Even if sources are cited and they match the number quoted, they ay still not be accurate because they may be out of date.  With six or seven billion people worldwide, it would be impossible to maintain a completely accurate survey of anything.  By the time you finished counting, you'd already be out of date and have to start again.  So they use statistical data.  The theory being that if you get a significant random sample of a population, you can expand that sample to represent the entire population.  That's all well and good, but it assumes a lot of things.

For one thing, it assumes that you can get a truly random sampling of the population.  The US Census Bureau tries to do that with the long-form demographic census survey every ten years, and with the intermediate surveys they conduct constantly.  They themselves admit that there is a built-in possibility of error in those samples.  A search for "collection" methods on the US Census Bureau site comes up with more than five thousand hits on various pages.  Any statistical sample will have a built-in probability of error; unfortunately, that probability is statistically derived, and doesn't include any human-error or misuse factors.  When you see "Possibility of error:  3%" posted under a newspaper or TV poll, you have to understand that that possibility is derived from the size of the sample alone.

More to the point, very few samples are even truly random.  The Census Bureau sample generator has a built-in function that excludes any home that has been surveyed in the last five years.  Most marketing surveys have demographic quotas.  Almost all national samples are limited by regional differences and the cost of long-distance communication.  World-wide sampling is even more difficult.  We live in a technologically advanced nation.  There are still places in the world where we have no idea what their population is because a full census can only be accomplished by helicopter or longboat.  And we certainly don't know what these folks are thinking.

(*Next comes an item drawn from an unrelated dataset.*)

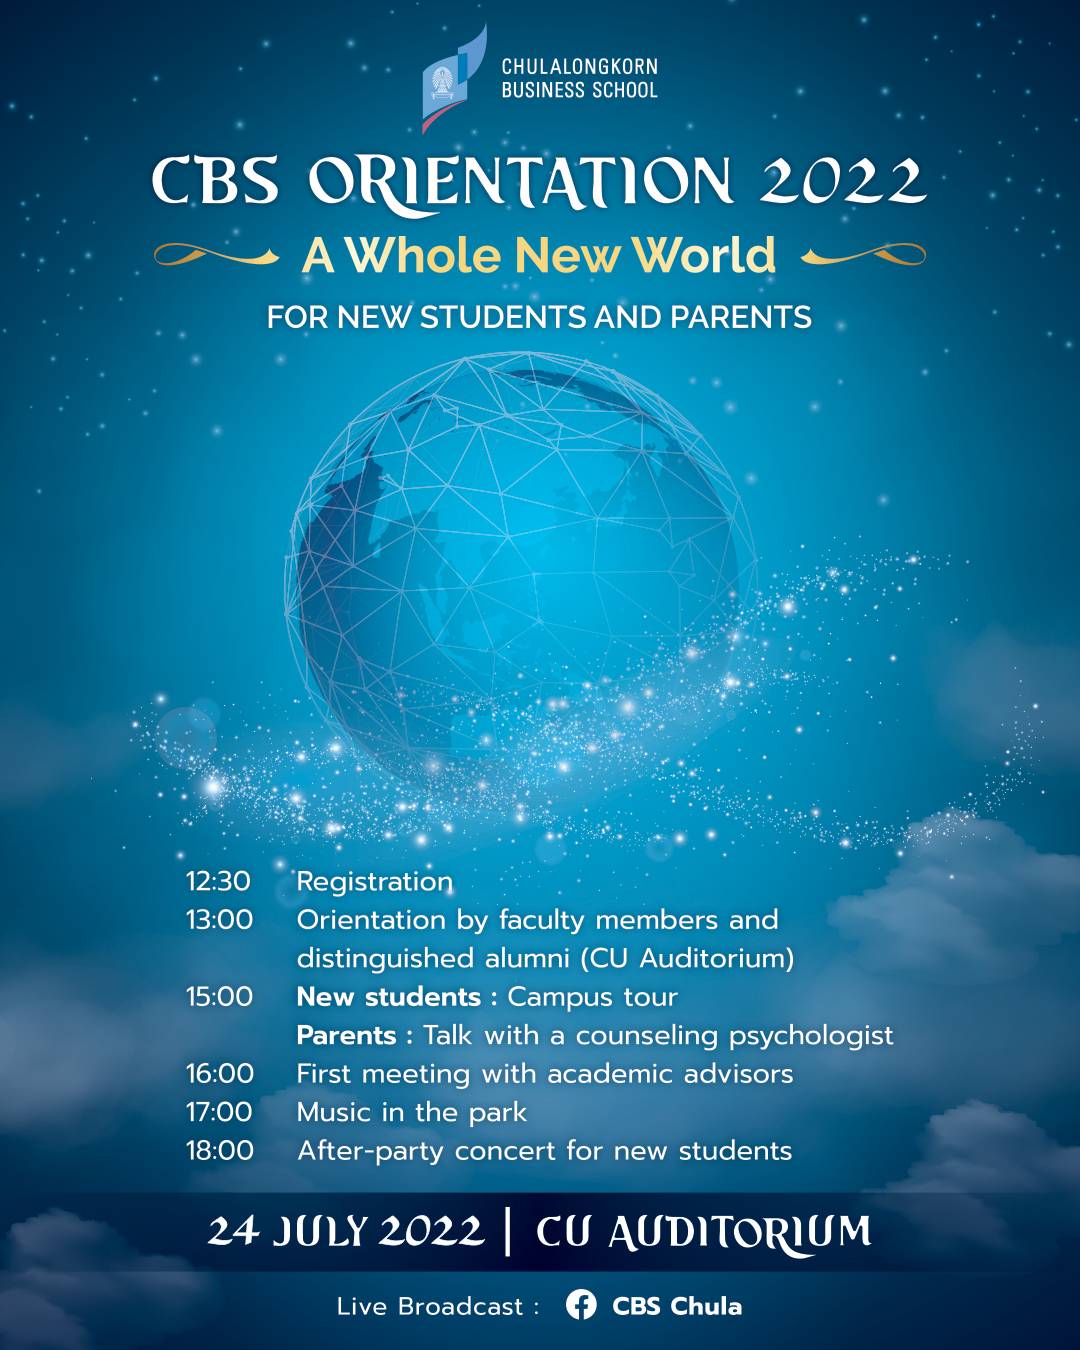 เรียนเชิญนิสิตใหม่และผู้ปกครองนิสิตใหม่ เข้าร่วมงาน “CBS ORIENTATION 2022: A Whole New World” ในวันที่ 24 กรกฎาคม 2565 เวลา 13.00 – 18.00 น.  ณ หอประชุมจุฬาลงกรณ์มหาวิทยาลัย
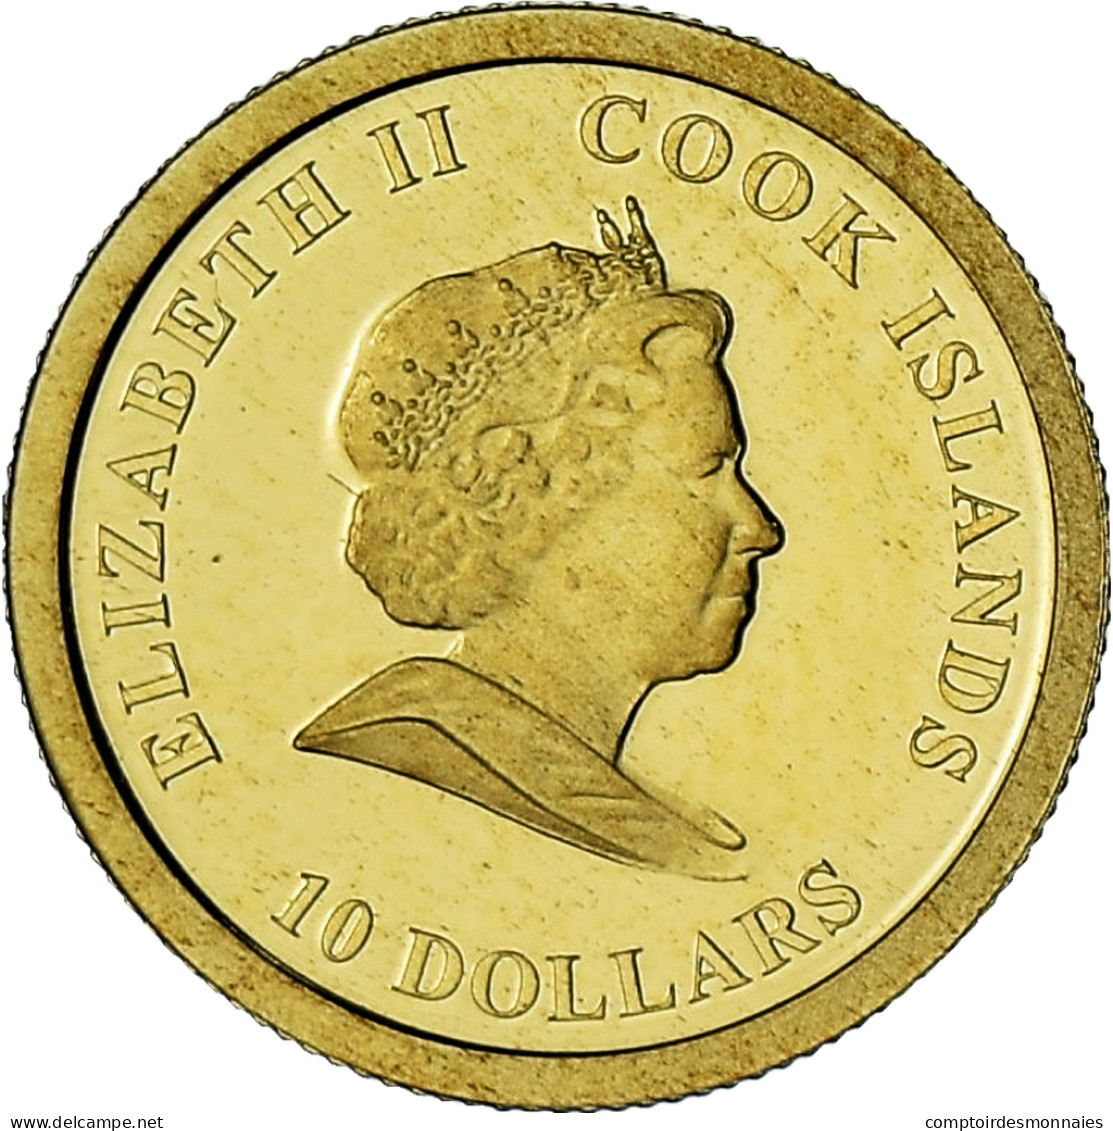 Îles Cook, Elizabeth II, James Cook, 10 Dollars, 2008, BE, FDC, Or - Cook

And some numbers are designed not to be understood.  US Budget numbers, especially.  You would expect that the Federal budget worked like your own budget.  You sit down, figure out how much you spent, and how much you made, then work out how much you can expect to make next year and cut or add to the various budget lines as needed.  Wrongo!  The Federal Budget is determined first by a baseline, which (along with a few arcane twists and turns) essentially sets a spending level for each item at a certain percentage above last year's rate.  If the National Office of Paper Clip Safety had a budget of $30 million last year, then it will probably have a baseline of $40 million this year, based on inflation and the expected increase in the number of paper clip emergencies.  In this way, by removing $5 million from the baseline budget figure, your incumbent congressman can say he voted to slash that part of the budget by 12.5% and his opponent can say that he actually voted to increase the budget by 16.7% and both of them will, technically, be telling the truth.  Neither of them mentions that the congressman is using the baseline figure for his statement and that the challenger is using last year's actual budget.  (There's also off-budget spending, which allows Congress to make actual cuts to the budget without actually reducing spending, but that's a whole different discussion.)

Like doctored photographs and out-of-context video- and sound-bytes, numbers can lie.  And the worst part of it is that the lies are generally more or less effective because we've become accustomed to trusting numbers as factual references.  And there we have a problem.  How can we minimize the effect of bad numbers without all of us becoming cynical skeptics looking for redskins behind every tree?  Nine out of every fifteen economists named Steve say we can't.